Problem 2: poor utility of information
Studies are often designed without proper consideration of the value or usefulness of the information that they will produce. Although replication of previous research is a core principle of science, at some point, duplicative investigations contribute little additional value. Conversely, one study in a previously understudied domain might supply too little information to be useful, and small, uninformative studies remain common in several specialties.31–34 In principle, analysis of the expected information content of a study (value of information) might guide judgments about whether it is reasonable to initiate or fund a particular study, but there has been very little experience with this technique.35
Problem 3: statistical power and outcome misconceptions
Calculations of power needed to reject the null hypothesis are conventional, but they can mislead because they assume that no problem will occur during the study, no other evidence will be available to inform decision makers, and that the arbitrary α 0·05 strikes the proper balance between false acceptance or rejection of the null hypothesis. These conditions hardly ever exist. Moreover, a study with high power to reject the null hypothesis that fails to reject it at the conventional (5%) α-error-level might still support the alternative hypothesis better than it does the null.36
The quest for adequate statistical power might lead researchers to choose outcome measures that are clinically trivial or scientifically irrelevant.37 For example, trials of cholinesterase inhibitors in Alzheimer’s disease have used cognitive function scales that allow detection of small, yet clinically meaningless, changes.38 Researchers often use composite outcomes in an attempt to boost statistical power, but the components of the composite might not show the same underlying disease process, or might be subject to clinically subjective decisions—eg, the composite of death, myocardial infarction, or repeat revascularisation.39,40
In animal studies investigators commonly use less clinically relevant outcome measures than in human trials, which could lead to statistically robust effect sizes, or they use experimental injury models primed to have large all-or-nothing treatment effects. Such statistical optimisation comes at the cost of generalisability, because extrapolation might be required not only across species, but also across doses, sometimes by many orders of magnitude.

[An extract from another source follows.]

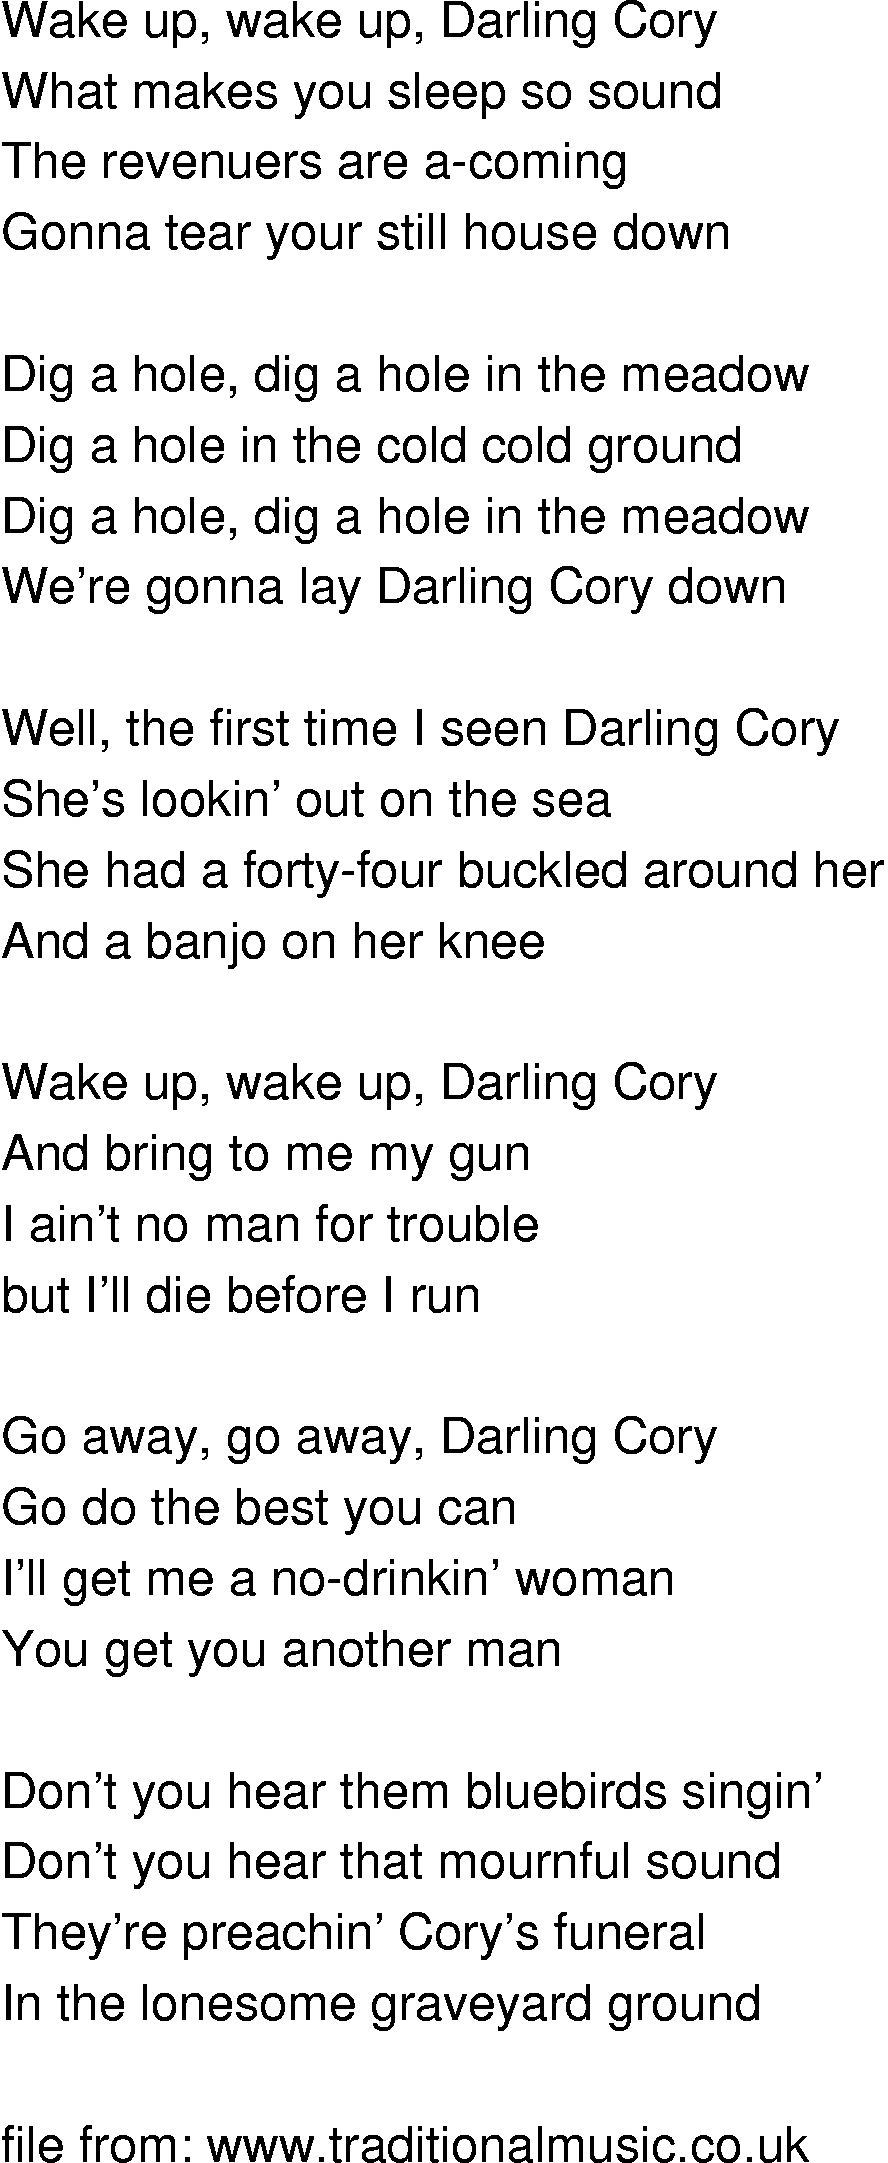 Old-Time (oldtimey) Song Lyrics - darling cory
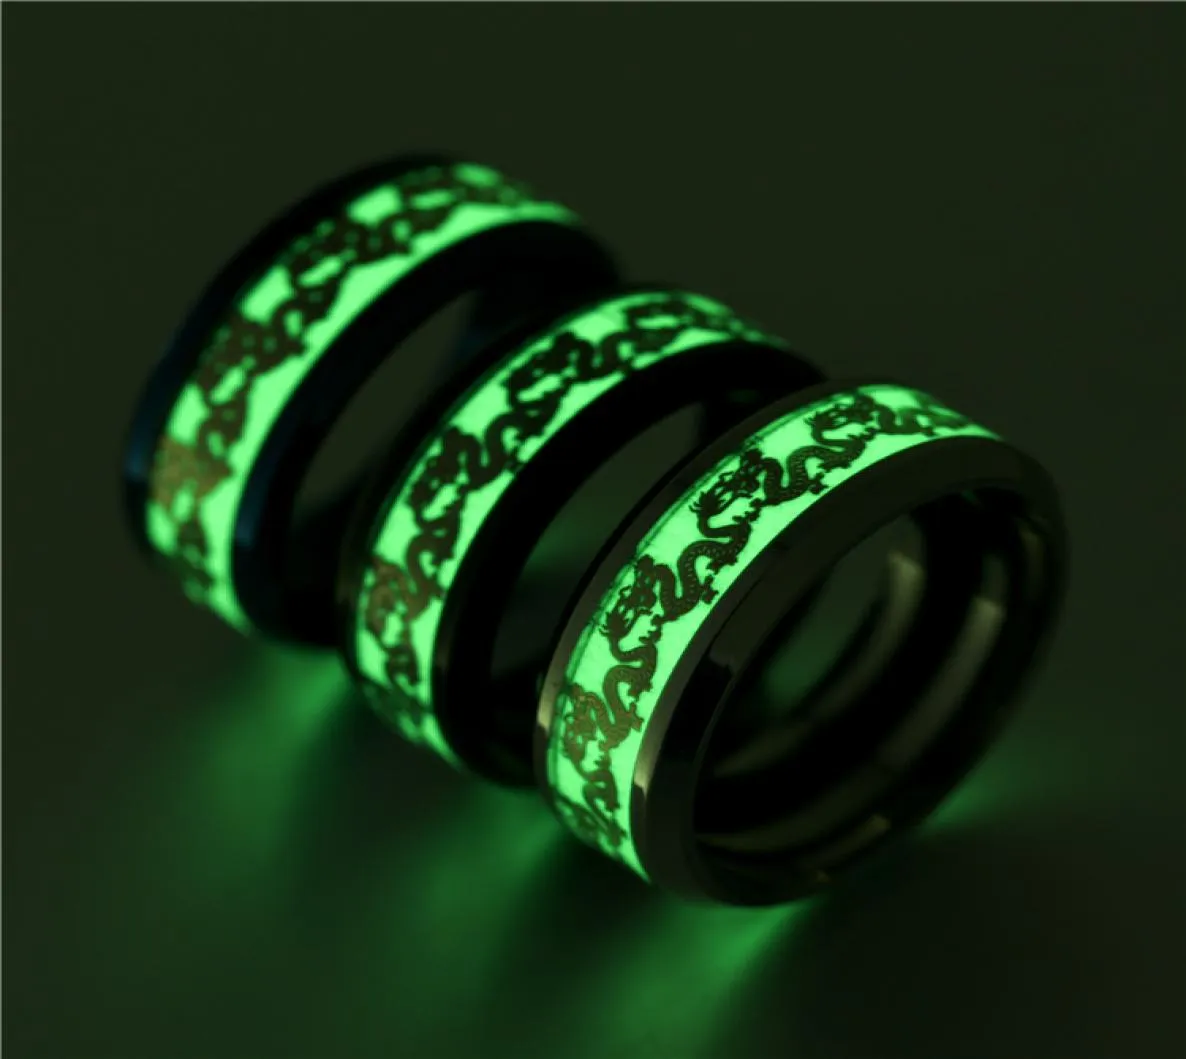 8 mm Titanium Steel New Luminous Dragon Pierścień Popularne pierścienie biżuterii Designer Whole9010548

Problem 4: insufficient consideration of other evidence
Typically, every study is designed, done, and discussed in isolation41 (see Chalmers and colleagues42 in this Series). Moreover, most research designs do not take account of similar studies being done at the same time.43 The total sample size of clinical trials that are in progress might exceed the total sample size of all completed trials.44 The launch of yet another trial might be unnecessary. The need for replication of biomedical research should be balanced with the avoidance of mere repetition.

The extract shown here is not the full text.